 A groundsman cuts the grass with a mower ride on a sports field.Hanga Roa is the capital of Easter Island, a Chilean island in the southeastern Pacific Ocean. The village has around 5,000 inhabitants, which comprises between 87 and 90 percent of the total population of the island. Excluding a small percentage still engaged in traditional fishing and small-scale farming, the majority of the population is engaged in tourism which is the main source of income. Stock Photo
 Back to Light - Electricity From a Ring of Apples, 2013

-.-.-

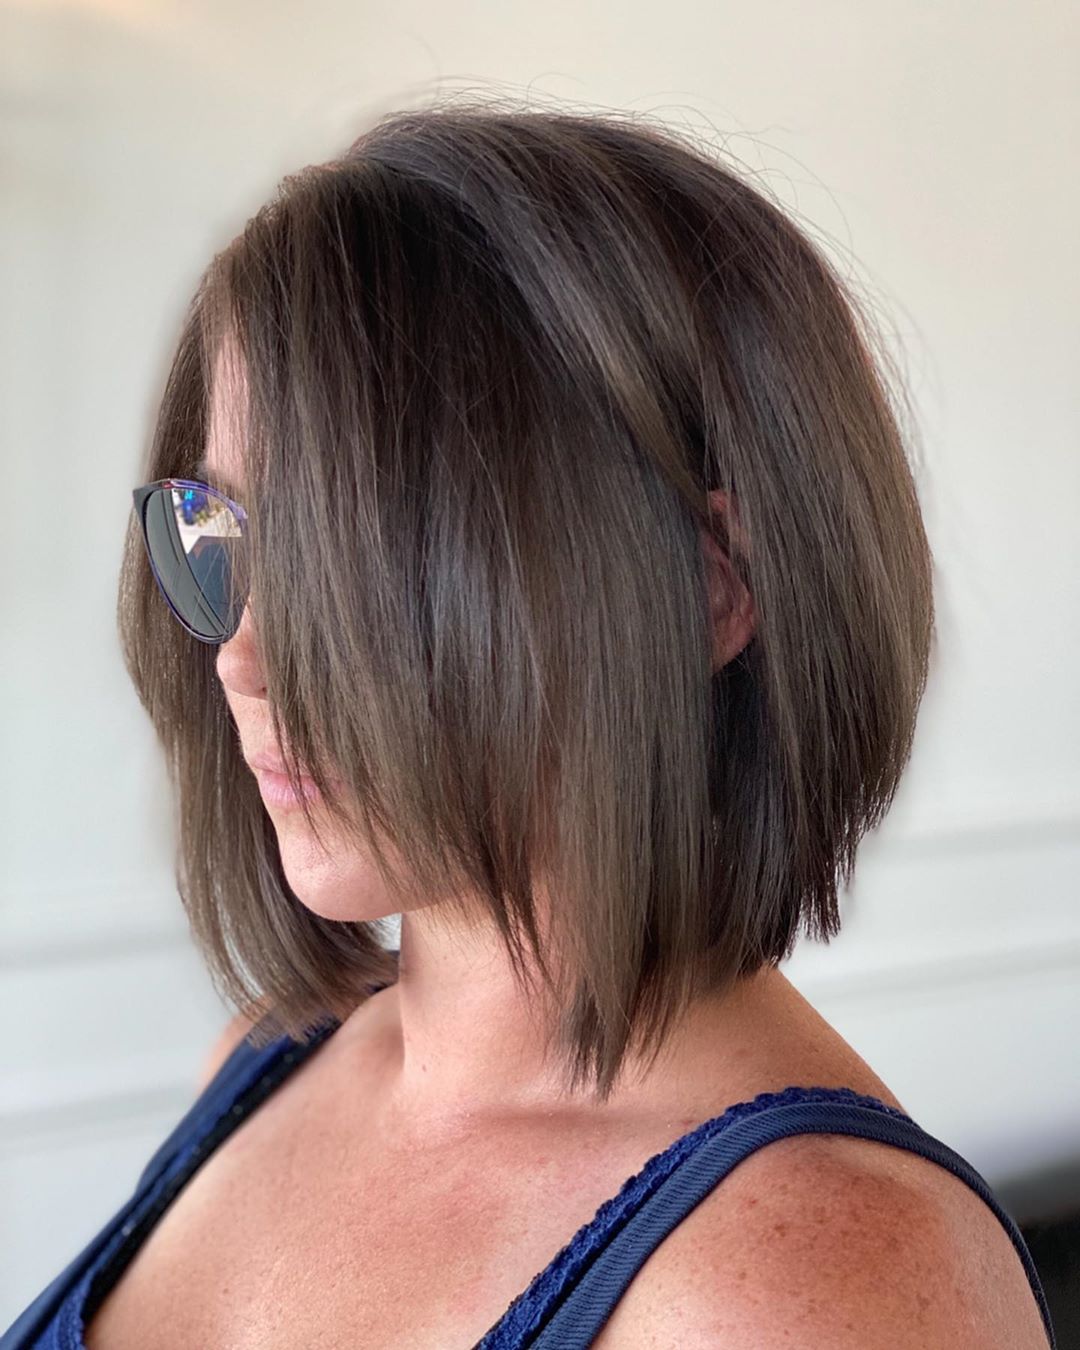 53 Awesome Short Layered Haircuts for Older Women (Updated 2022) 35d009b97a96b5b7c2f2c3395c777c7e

-.-.-

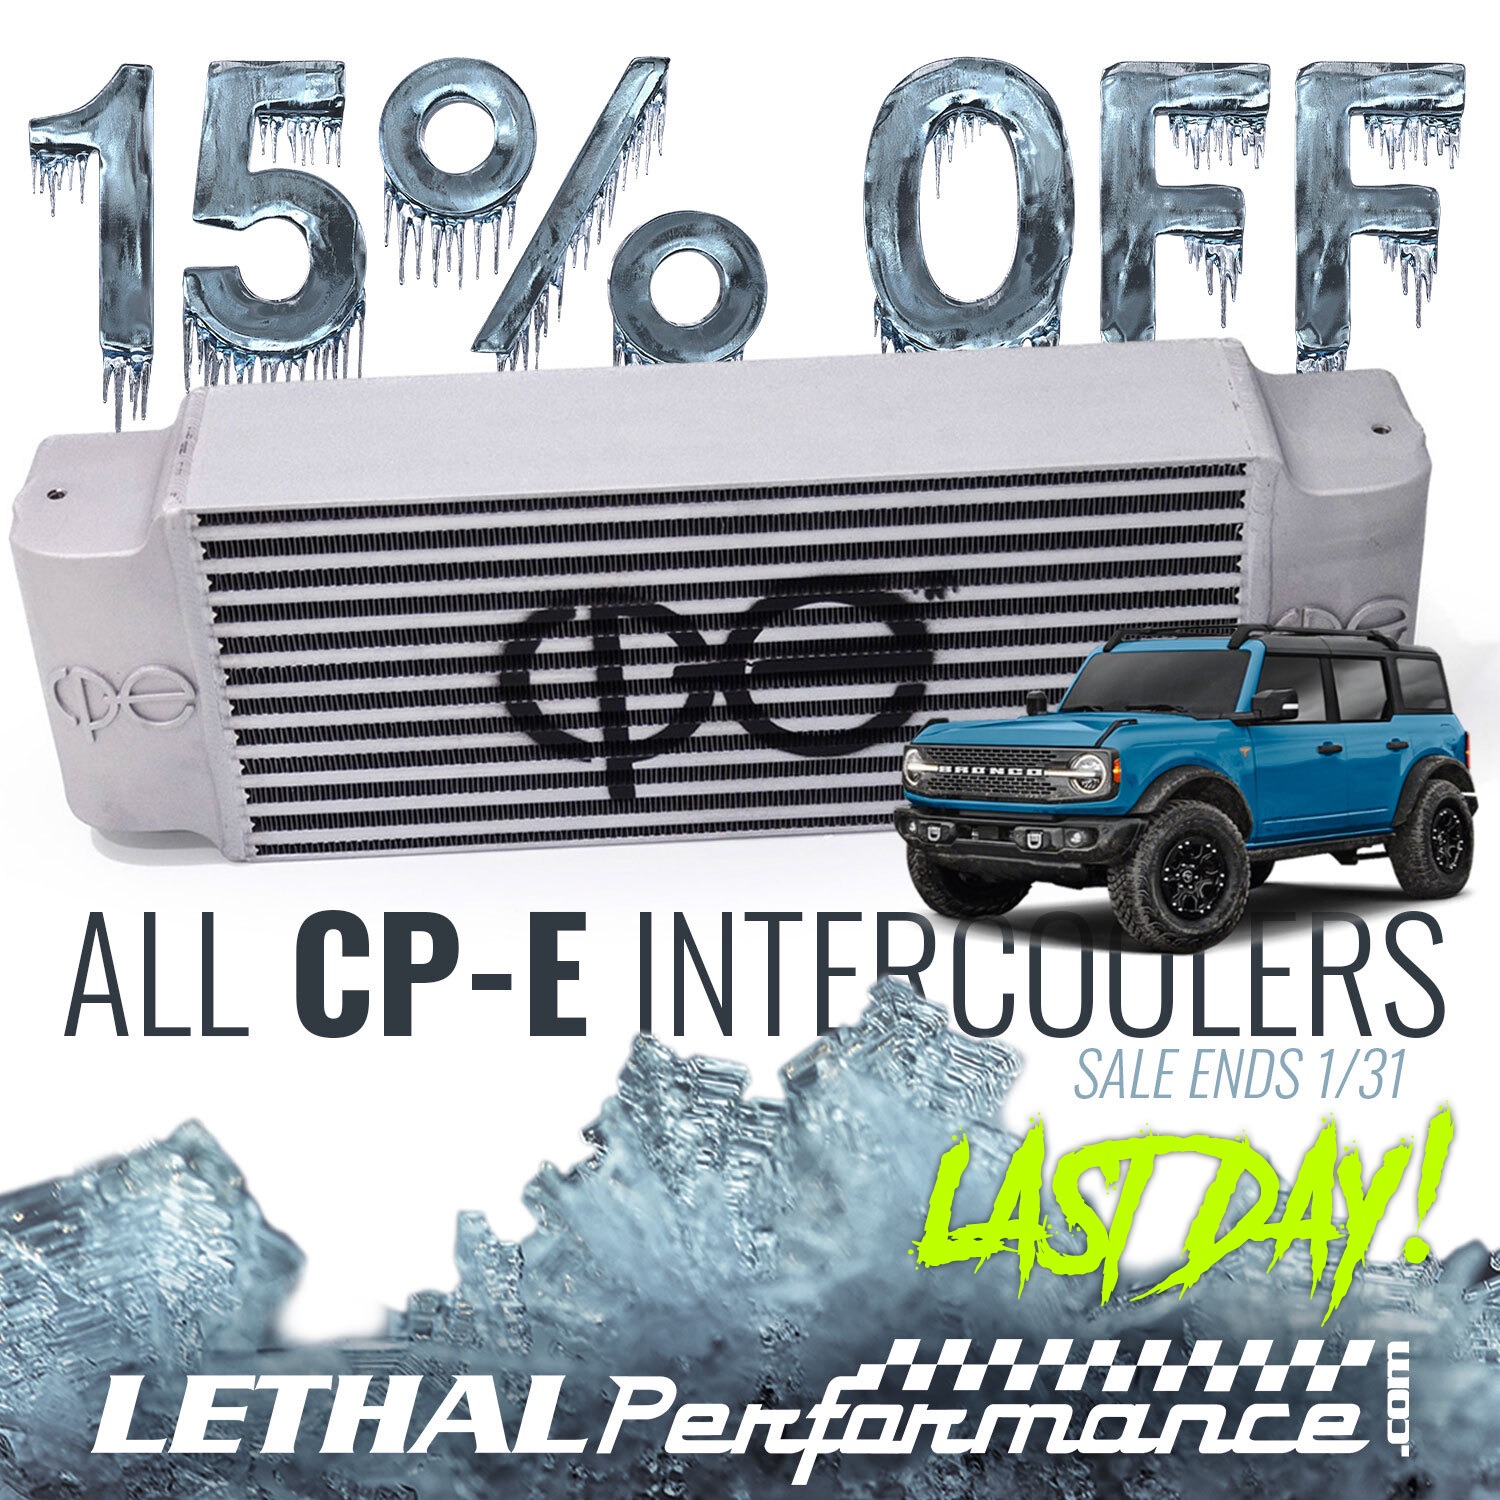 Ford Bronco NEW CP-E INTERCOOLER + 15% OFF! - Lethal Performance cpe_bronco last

-.-.-

Task prompt – What you return must be an exact retyping of the lines above starting at the line with "A groundsman cuts" and ending at the line with "Back to Light", and nothing besides.

Exercise solution –
 A groundsman cuts the grass with a mower ride on a sports field.Hanga Roa is the capital of Easter Island, a Chilean island in the southeastern Pacific Ocean. The village has around 5,000 inhabitants, which comprises between 87 and 90 percent of the total population of the island. Excluding a small percentage still engaged in traditional fishing and small-scale farming, the majority of the population is engaged in tourism which is the main source of income. Stock Photo
 Back to Light - Electricity From a Ring of Apples, 2013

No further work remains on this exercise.